There's no special "infix" promotion syntax, so that last example would be:

    l:l,5
    # (1,(2,{"age":9}),4,5)

[0] http://beyondloom.com/tools/trylil.html

leontrolskiOP 2 months ago
This is surprising to me:
```
  l[1][1].age:9
  # (1,(2,{"age":9}),4)
```
How come it doesn't return just:
```
  {"age":9}
```
Or is there something totally different going on with references here? As in, how is this different to:
```
  l_inner = l[1][1]
  l_inner.age:9
```
- RodgerTheGreat 2 months ago
  Amending a slice would amend only the slice:
  l_inner:l[1][1] # {"age":3} l_inner.age:9 # {"age":9} l_inner # {"age":9} l # (1,(2,{"age":3}),4)
  If an amending expression isn't "rooted" in a variable binding, it also returns the entire new structure:
  (1,(list 2,list ().age:5),4)[1][1].age:99 # (1,(2,{"age":99}),4)

rokob 2 months ago

Yeah this looks like lenses at first glance

hatthew 2 months ago

It seems like this is proposing syntactic sugar to make mutating and non-mutating operations be on equal footing.
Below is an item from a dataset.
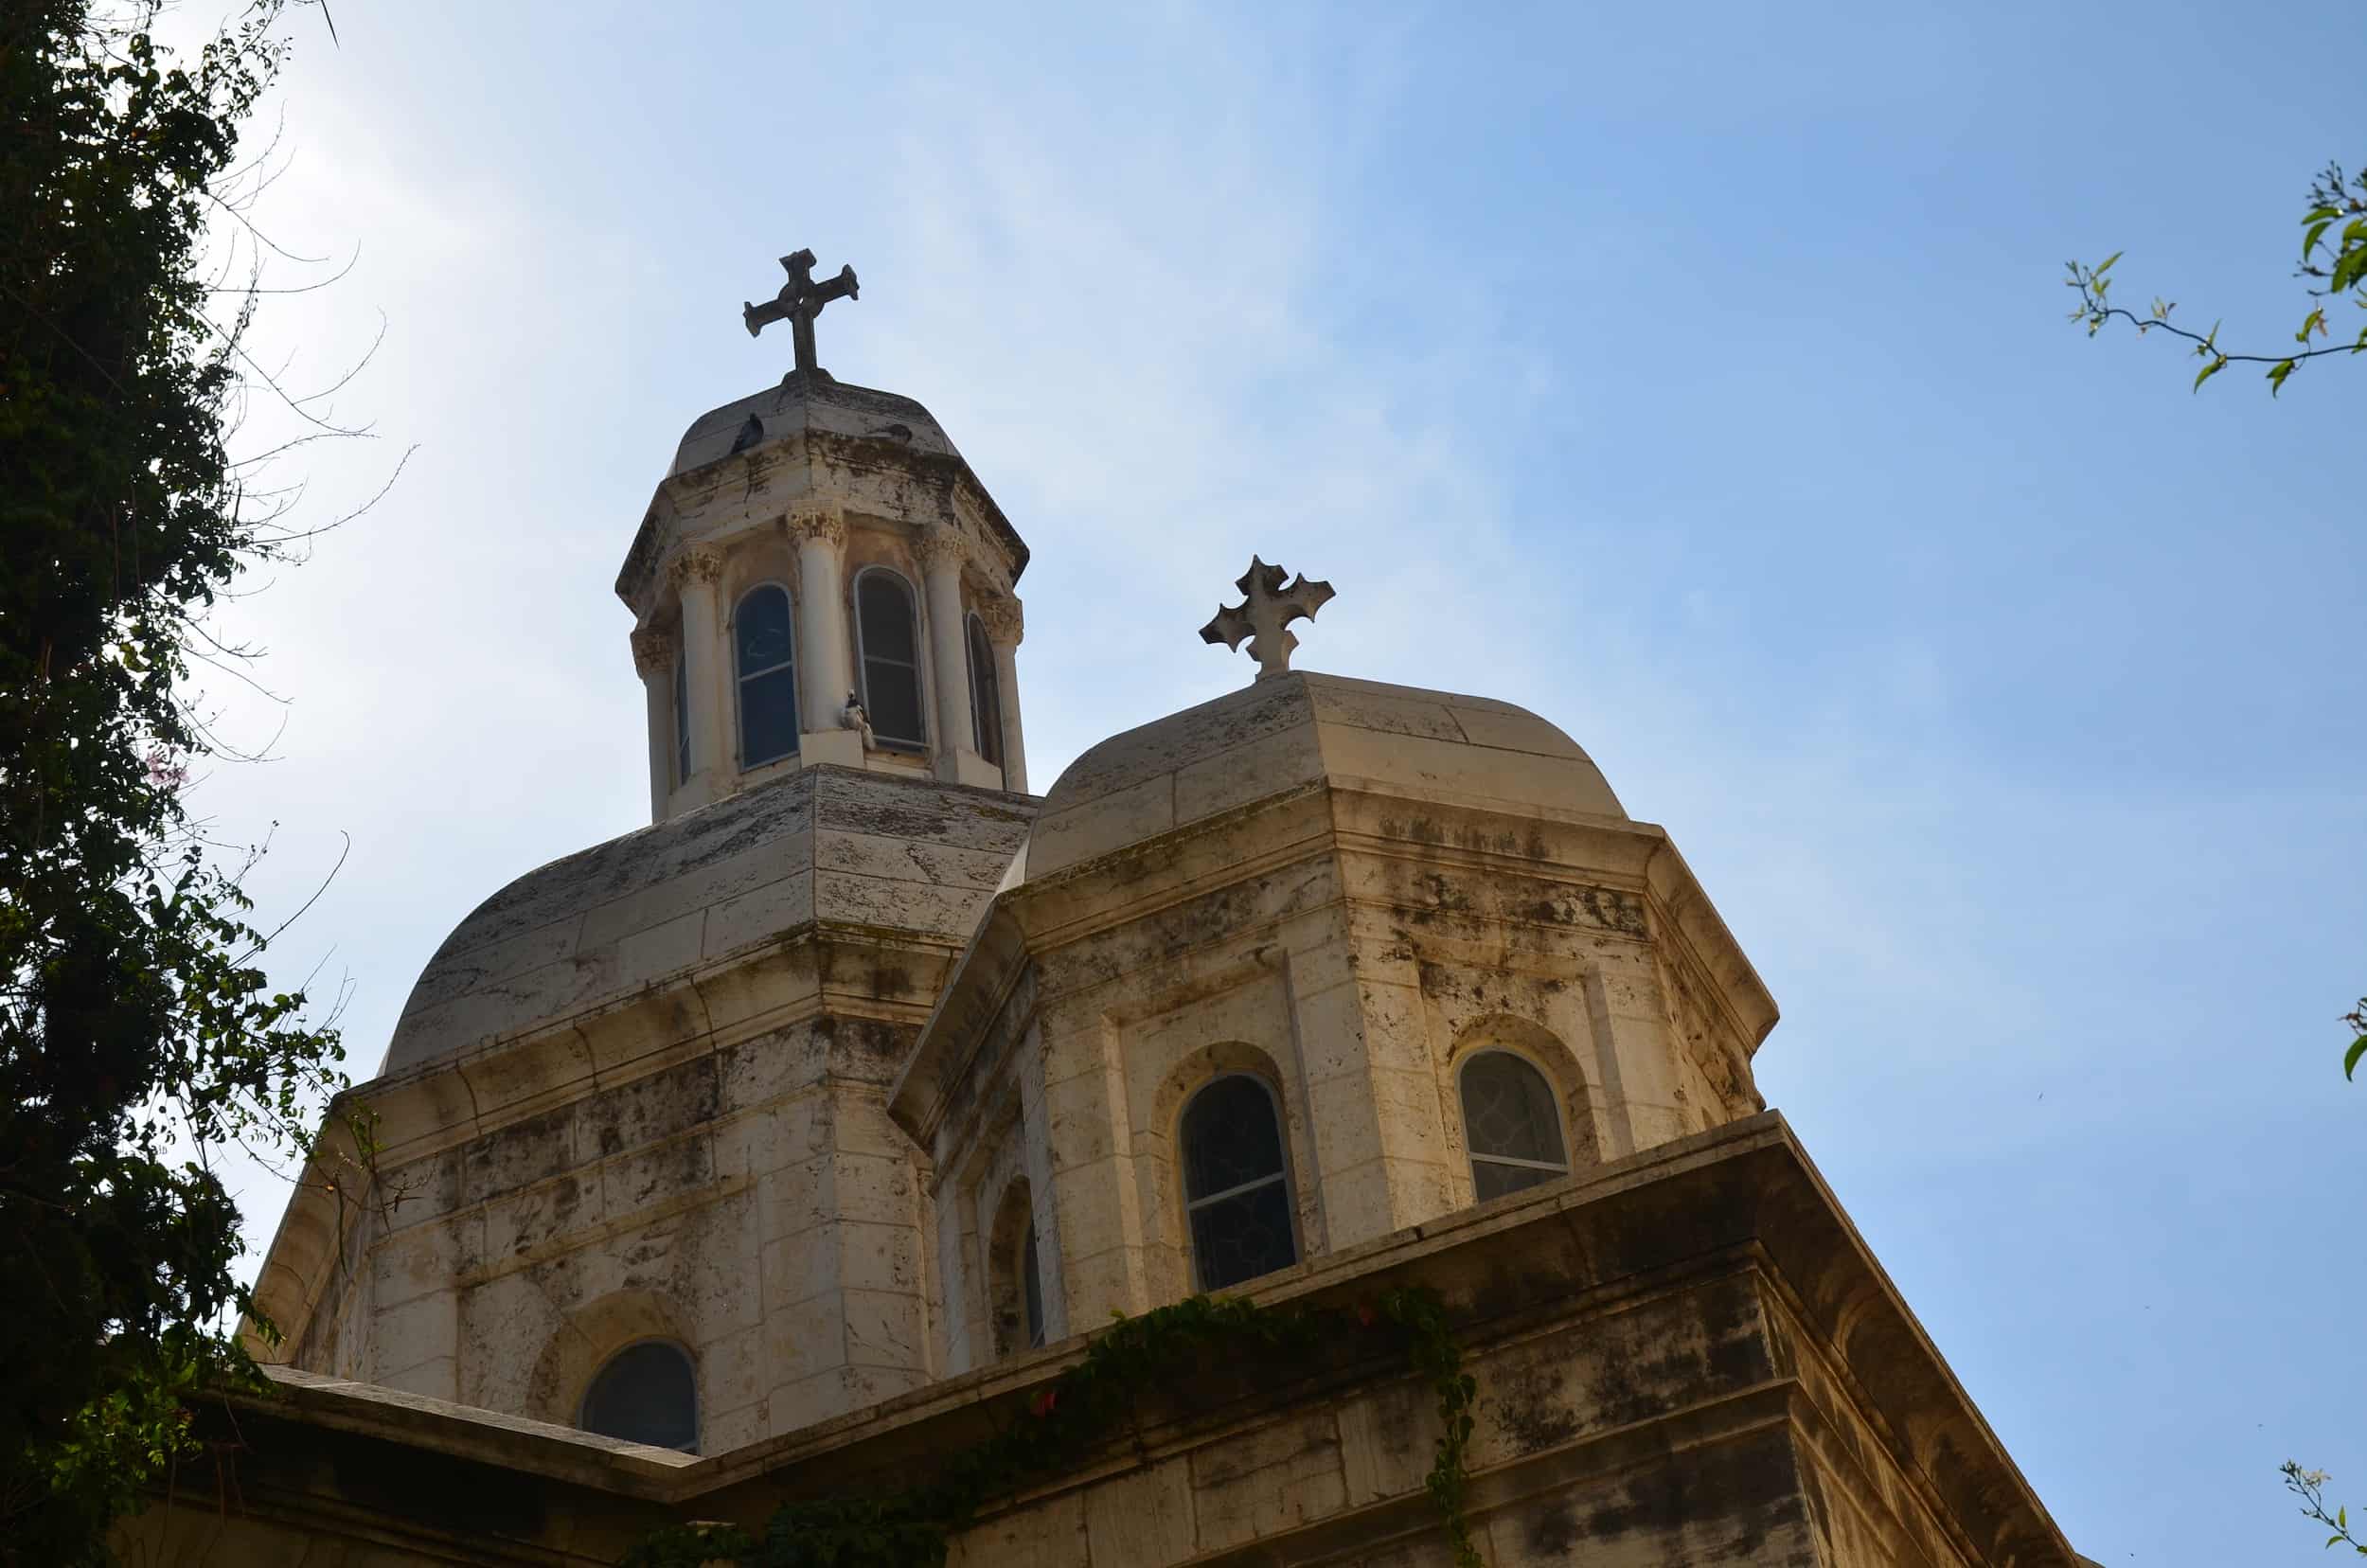 Domes of the Church of the Condemnation at the Monastery of the Flagellation in Jerusalem

> The more interesting example is reassigning the deeply nested l to make the cat inside older, without mutating the original cat

Isn't that mutating l, though? If you're concerned about mutating cat, shouldn't you be concerned about mutating l?

two_handfuls 2 months ago

It doesn't mutate l exactly, it makes a new list slightly different from the original one and assigns it to l.
That means if someone has a reference to the original l, they do not see the change (because l is immutable. Both of them).
- hatthew 2 months ago
  
  I think I am misunderstanding the behavior of the alt keyword

beaumayns 2 months ago

q has the concept of amend, which is similar: https://code.kx.com/q4m3/6_Functions/#683-general-form-of-fu...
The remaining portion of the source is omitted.